[YOUR ASSIGNMENT]
Repeat the lines from the one containing "wer van Rodin." through the end of the listing exactly, both ends included. Do not carry over any pictures.

[RAW DATA]
□ □ □ □ □
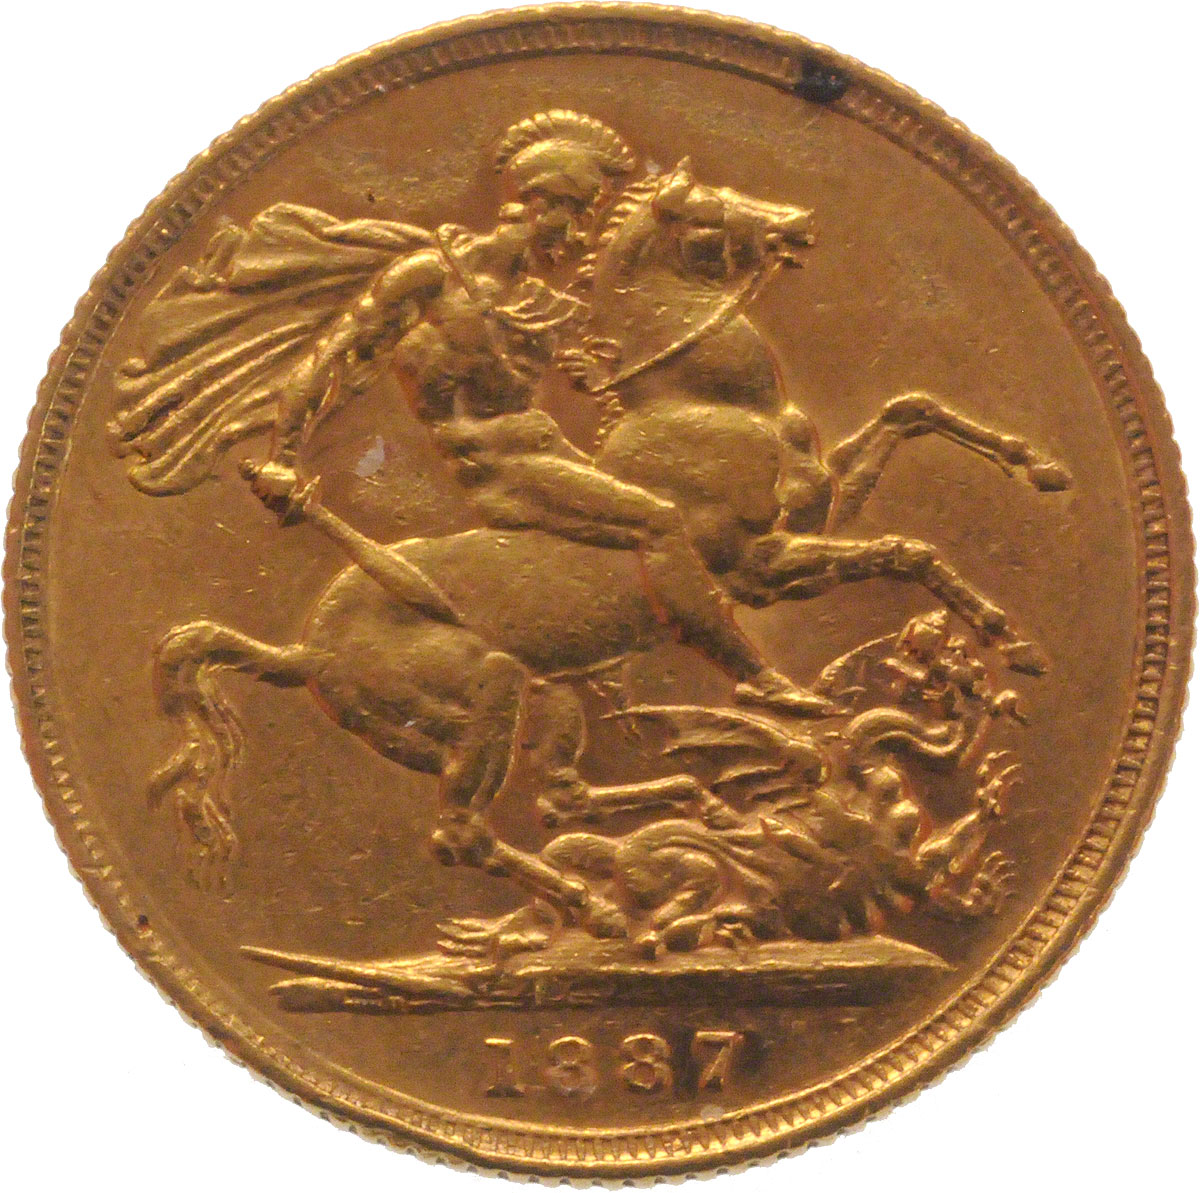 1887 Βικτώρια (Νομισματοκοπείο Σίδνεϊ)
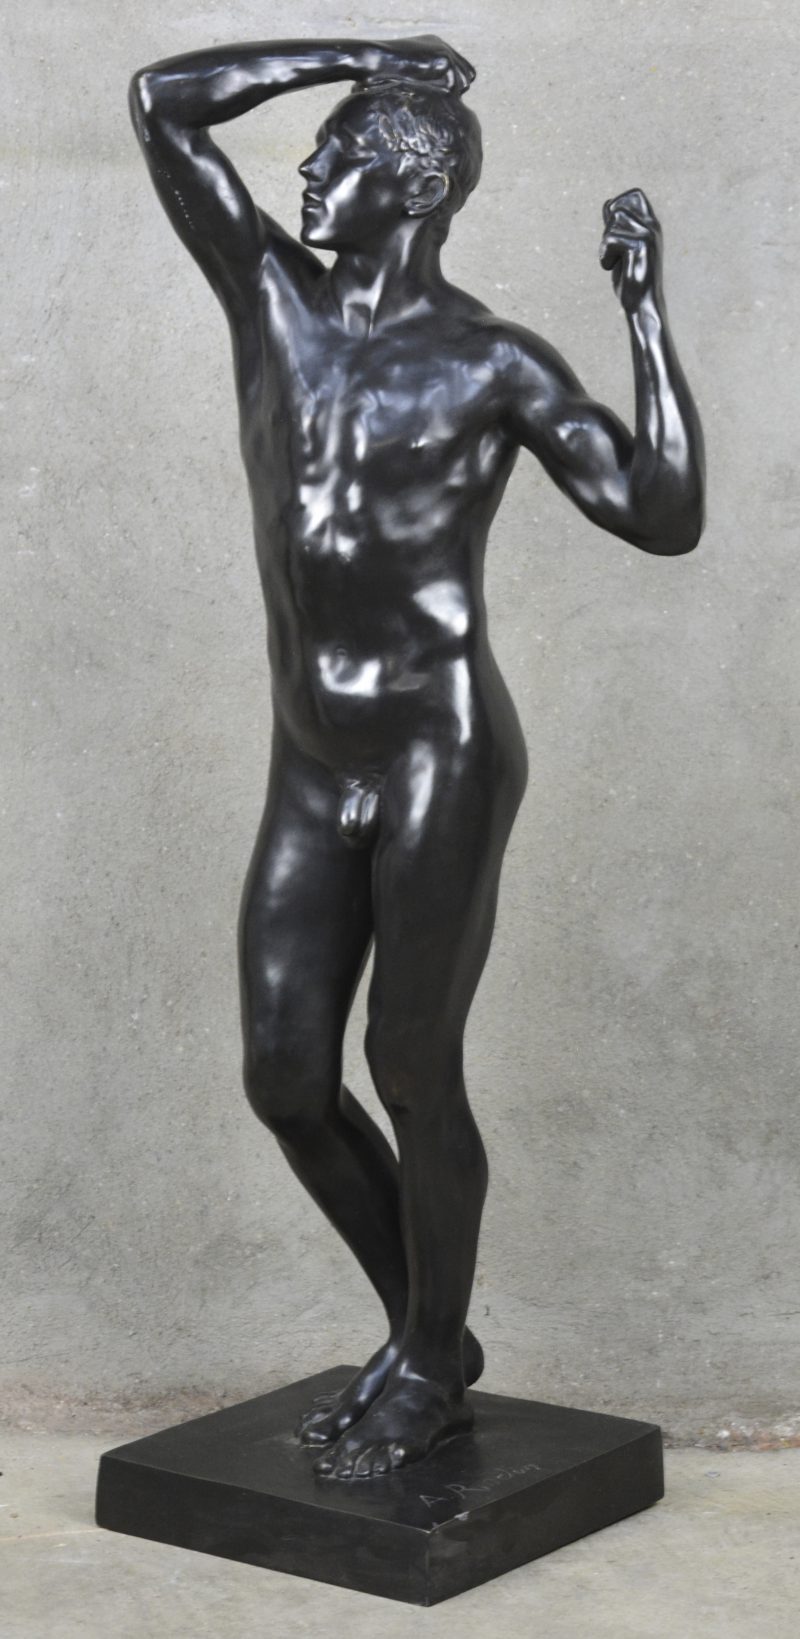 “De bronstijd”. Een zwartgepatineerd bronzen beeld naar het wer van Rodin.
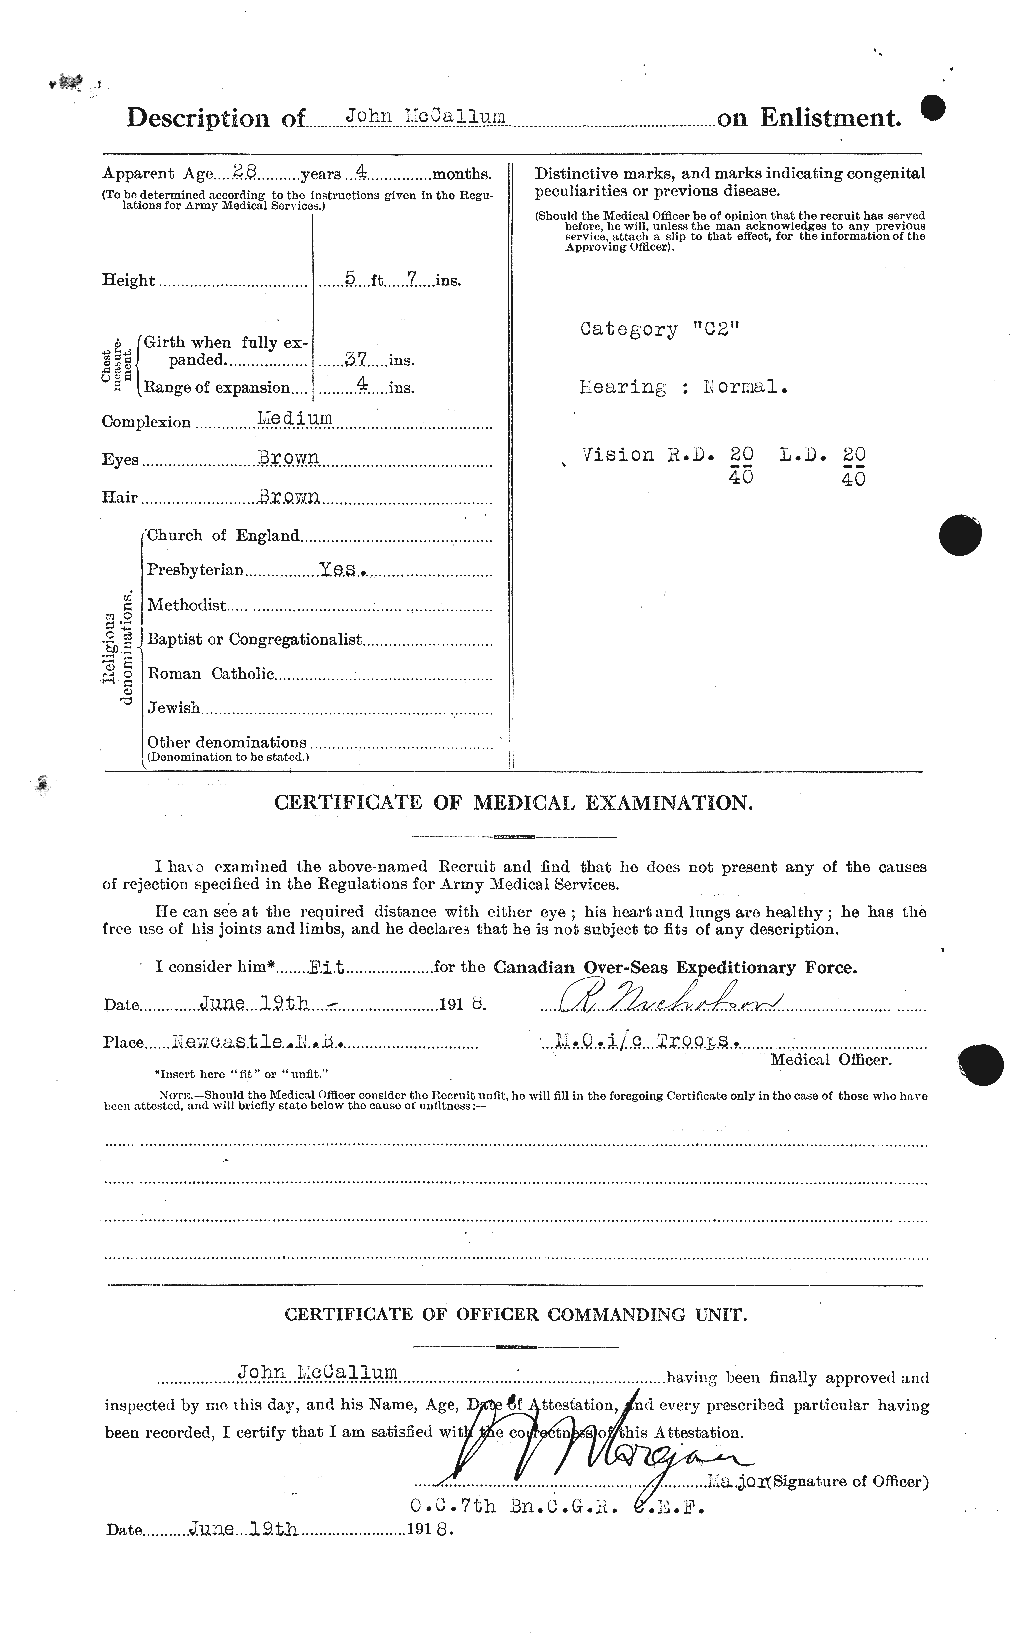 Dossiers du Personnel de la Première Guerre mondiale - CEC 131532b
□ □ □ □ □
[WORKED SOLUTION]
 “De bronstijd”. Een zwartgepatineerd bronzen beeld naar het wer van Rodin.
 Dossiers du Personnel de la Première Guerre mondiale - CEC 131532b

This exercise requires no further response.